▶ **EXERCISE PROMPT**
Because the pictures are not wanted, reproduce the rest of the records below exactly as they stand.

▶ **MATERIAL SHOWN**
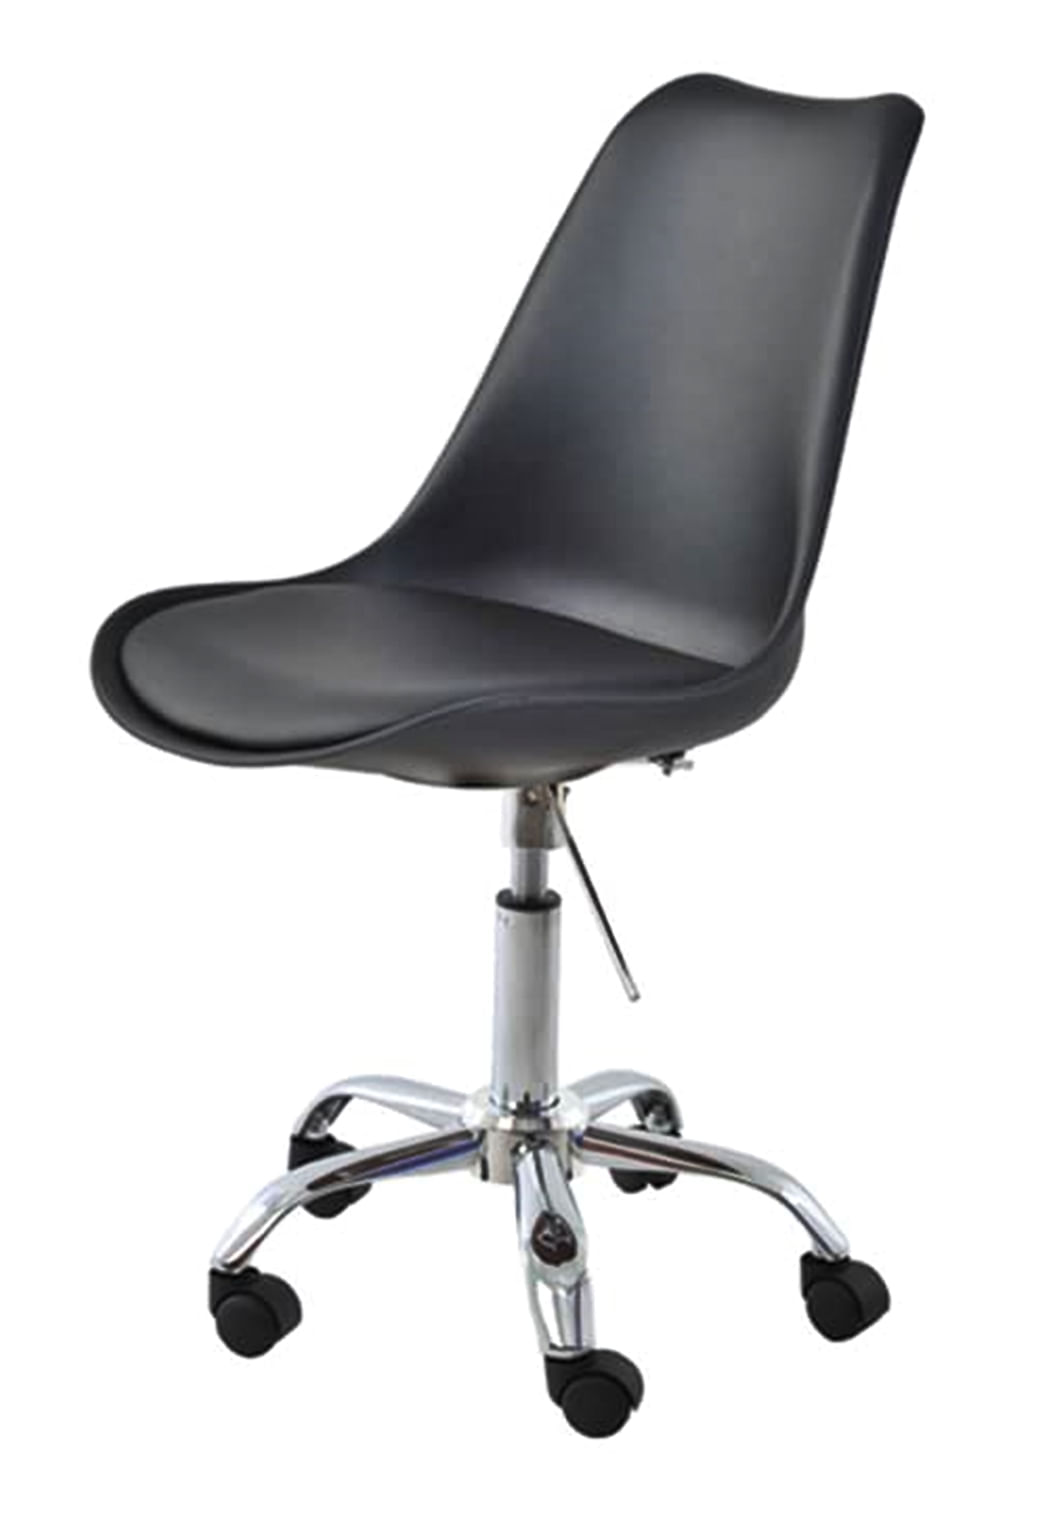 Cadeira Saarinen Assento em Polipropileno cor Preto com Base Cromada - 45065
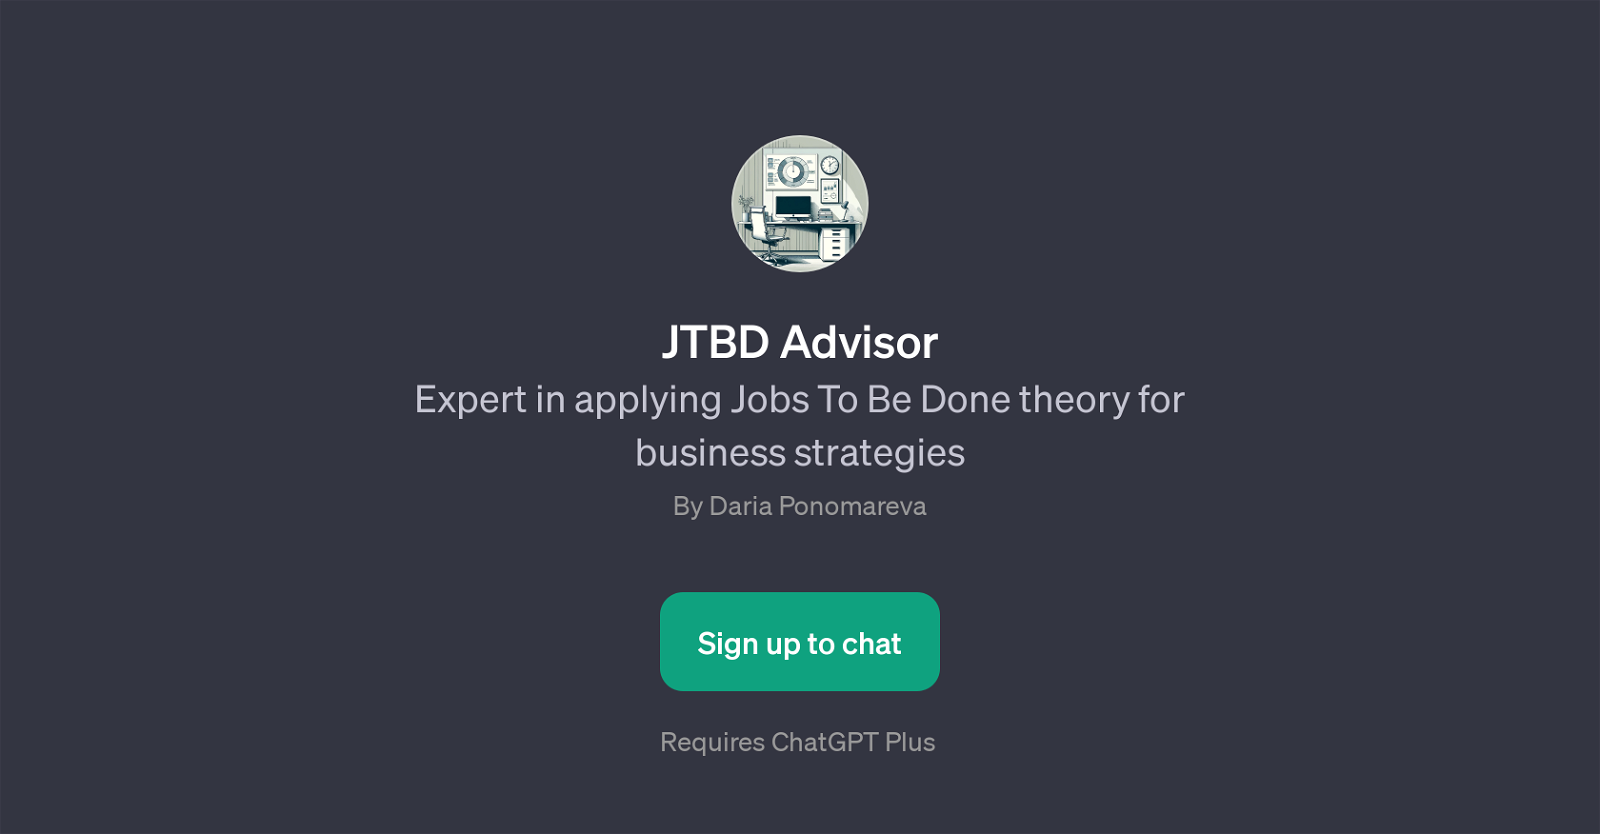 JTBD Advisor website
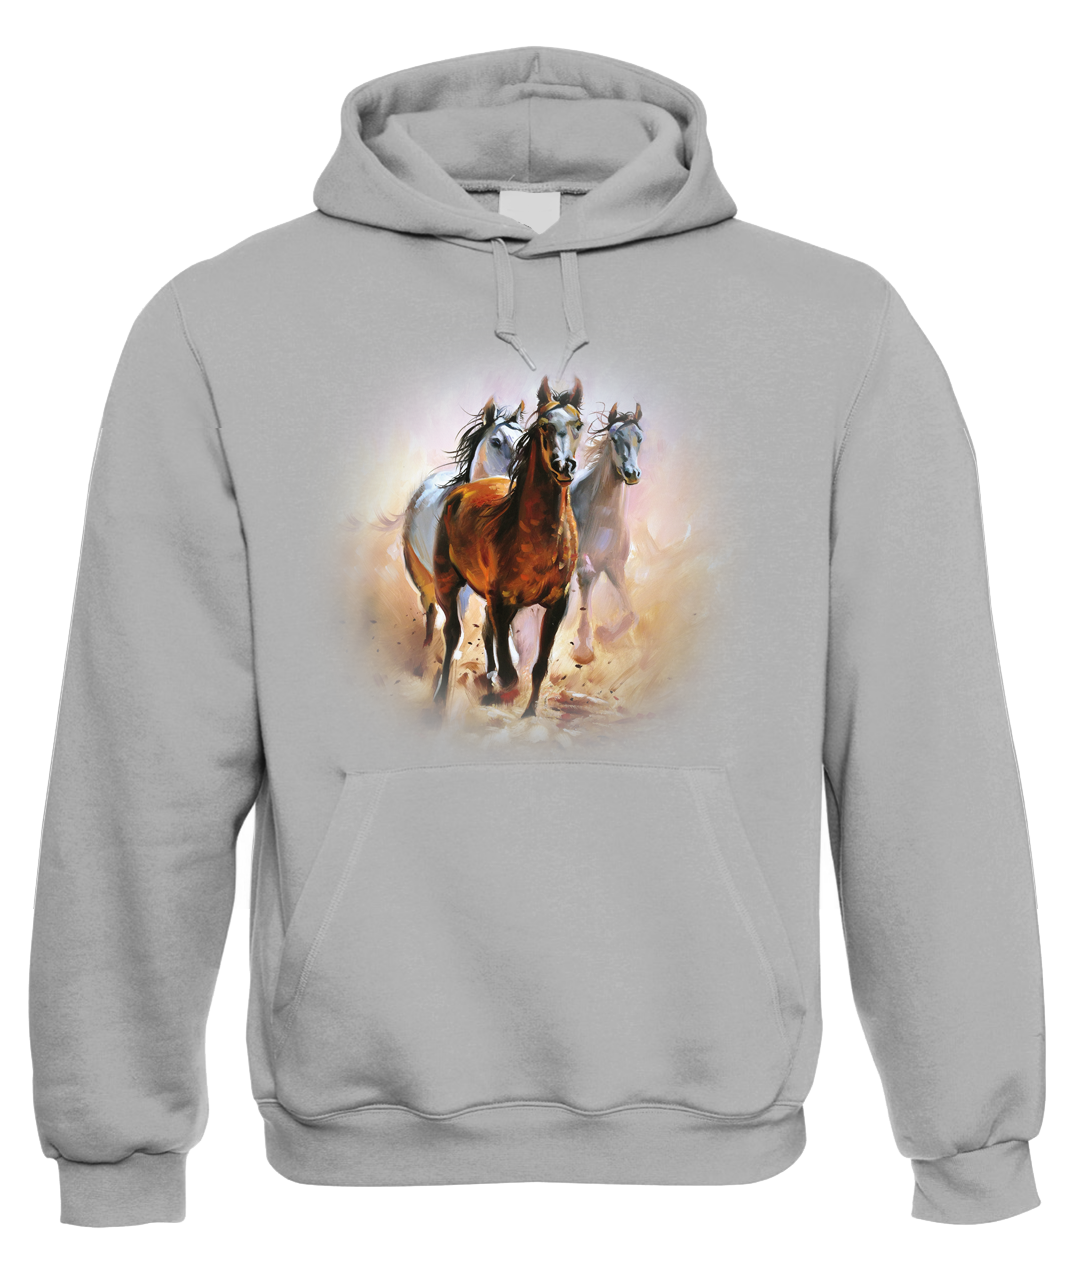 Mikina s koněm - Malované koně Velikost: S, Barva: Šedá
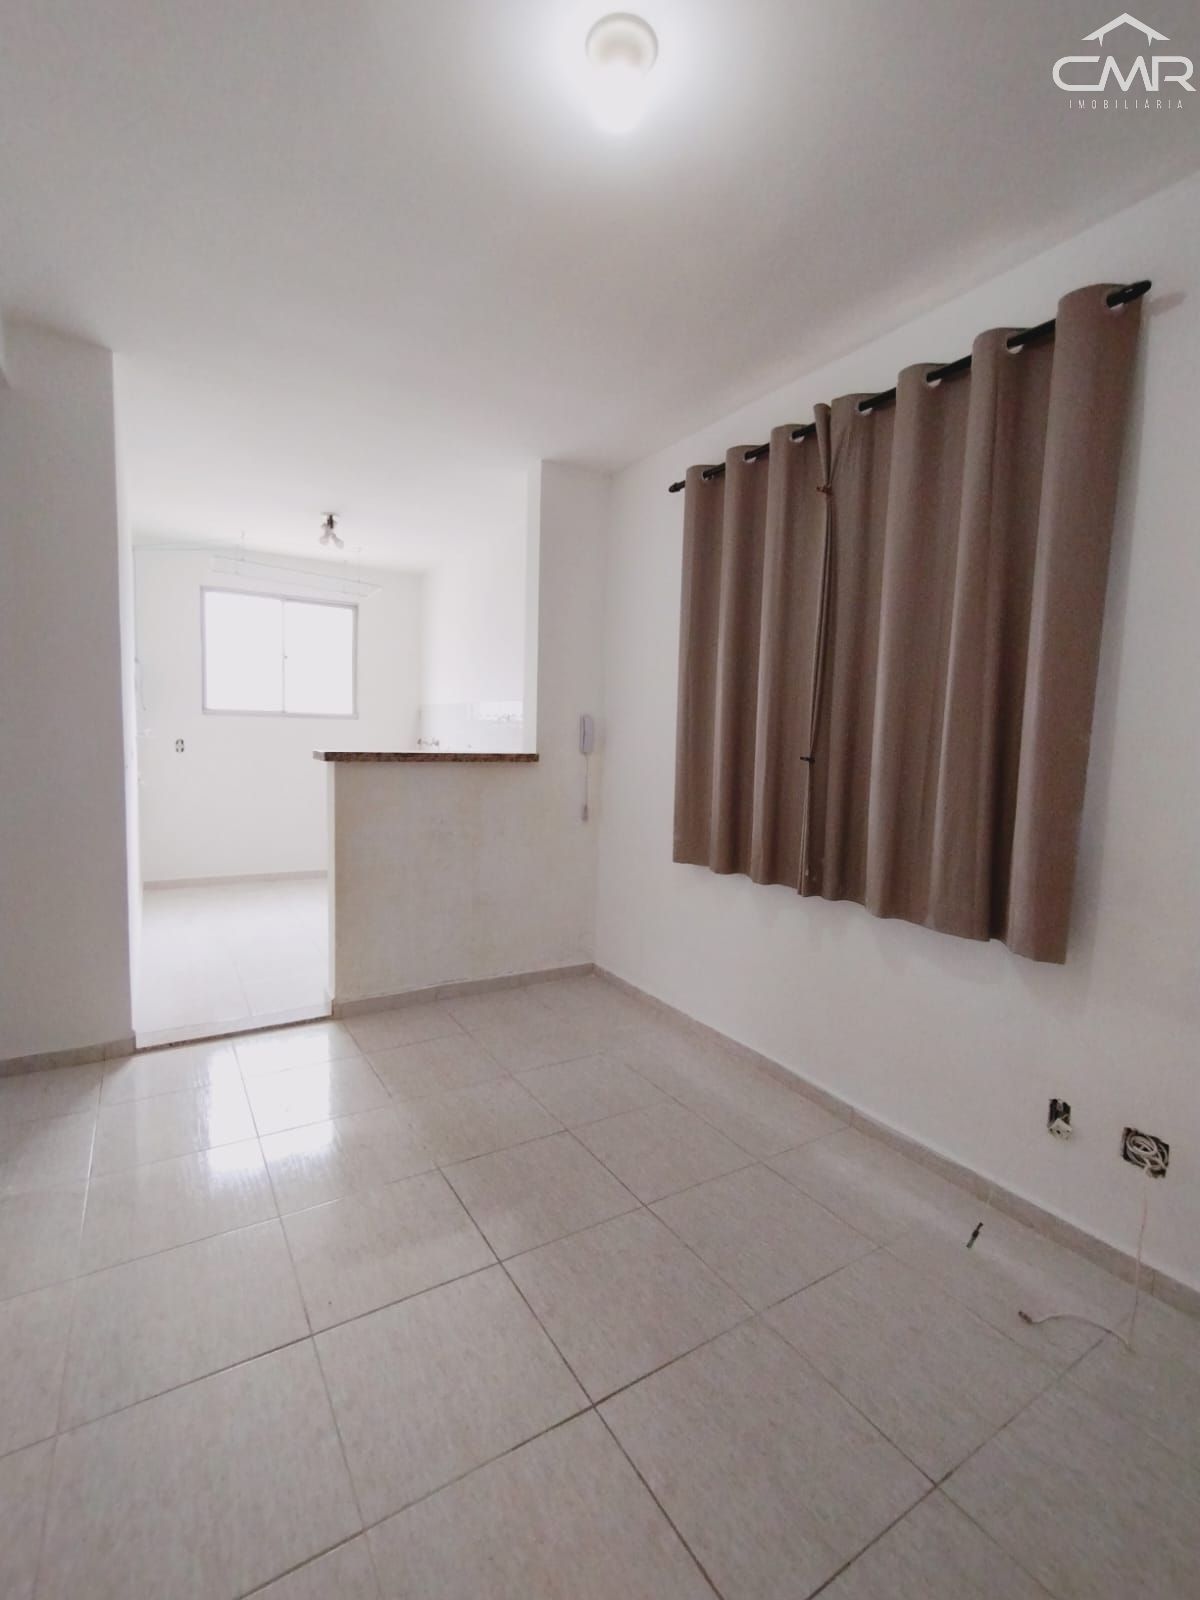 Apartamento  venda  no Campestre - Piracicaba, SP. Imveis
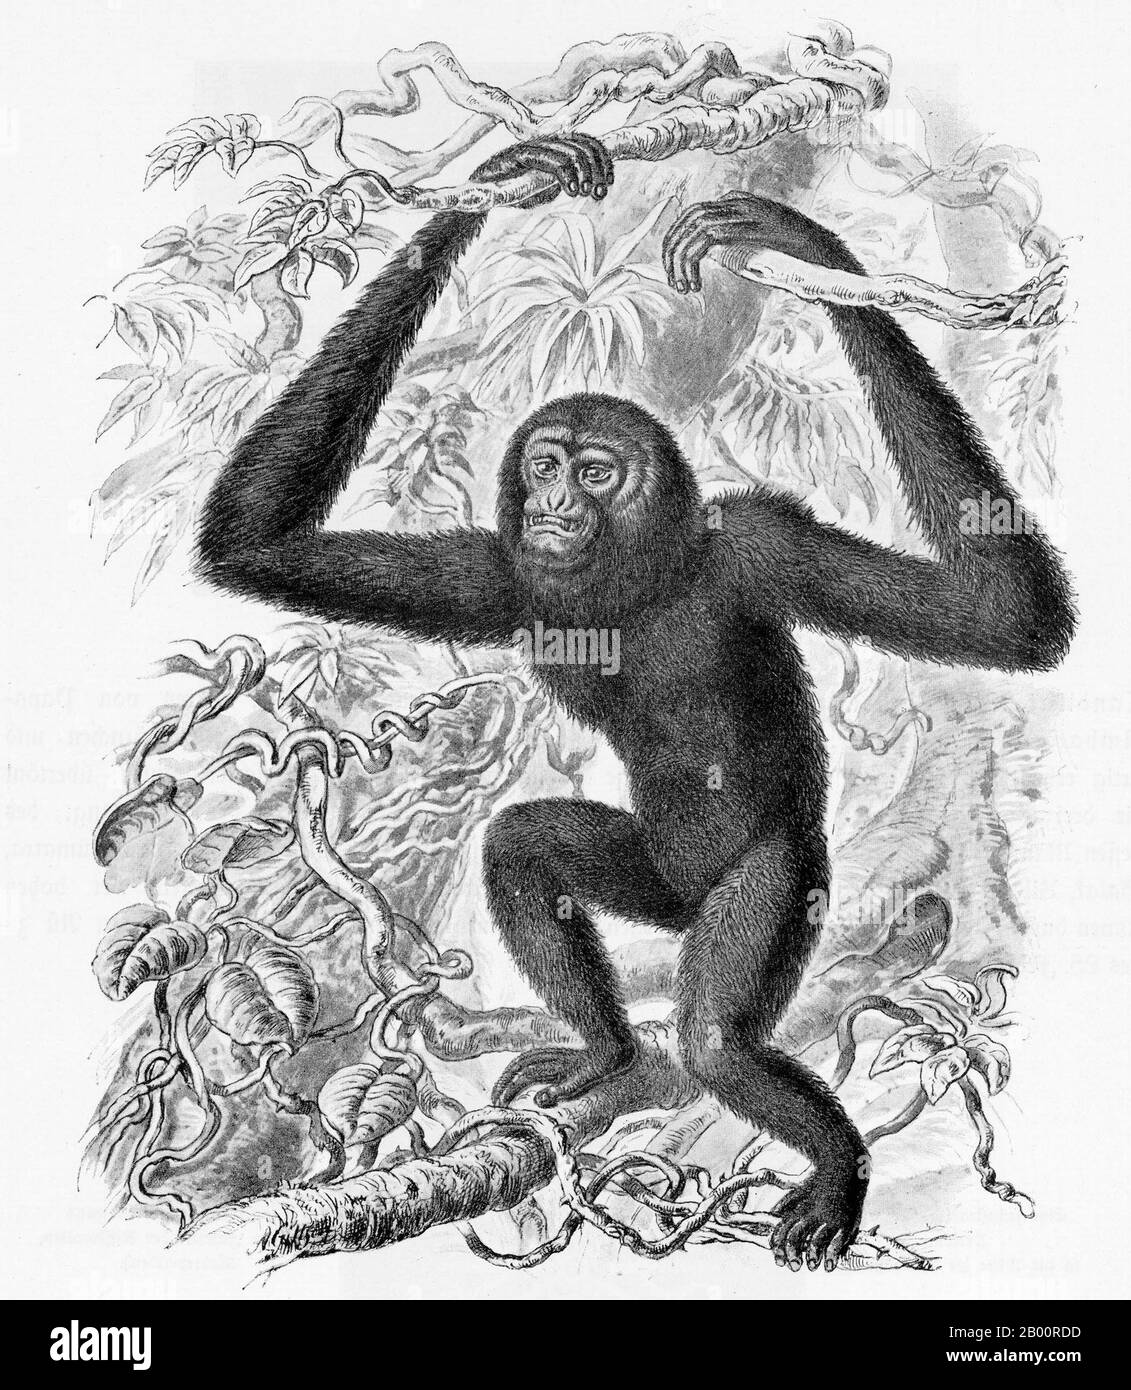 Indonesien/Deutschland: Ein Siamang oder ein schwarz gefurrter Gibbon, Sumatra. Stich von Ernst Haeckel (1834-1919) der Siamang (Symphalangus syndactylus) ist ein schwanzloser, arborealer, schwarz furnierter Gibbon, der in den Wäldern Malaysias, Thailands und Sumatras beheimatet ist. Der Siamang, der größte der kleineren Affen, kann doppelt so groß sein wie andere Gibbons, erreicht 1 m in der Höhe und wiegt bis zu 14 kg. Stockfoto

▶ **RESPONSE BOX**
 Cadeira Saarinen Assento em Polipropileno cor Preto com Base Cromada - 45065
 JTBD Advisor website
 Mikina s koněm - Malované koně Velikost: S, Barva: Šedá
 Apartamento  venda  no Campestre - Piracicaba, SP. Imveis
 Indonesien/Deutschland: Ein Siamang oder ein schwarz gefurrter Gibbon, Sumatra. Stich von Ernst Haeckel (1834-1919) der Siamang (Symphalangus syndactylus) ist ein schwanzloser, arborealer, schwarz furnierter Gibbon, der in den Wäldern Malaysias, Thailands und Sumatras beheimatet ist. Der Siamang, der größte der kleineren Affen, kann doppelt so groß sein wie andere Gibbons, erreicht 1 m in der Höhe und wiegt bis zu 14 kg. Stockfoto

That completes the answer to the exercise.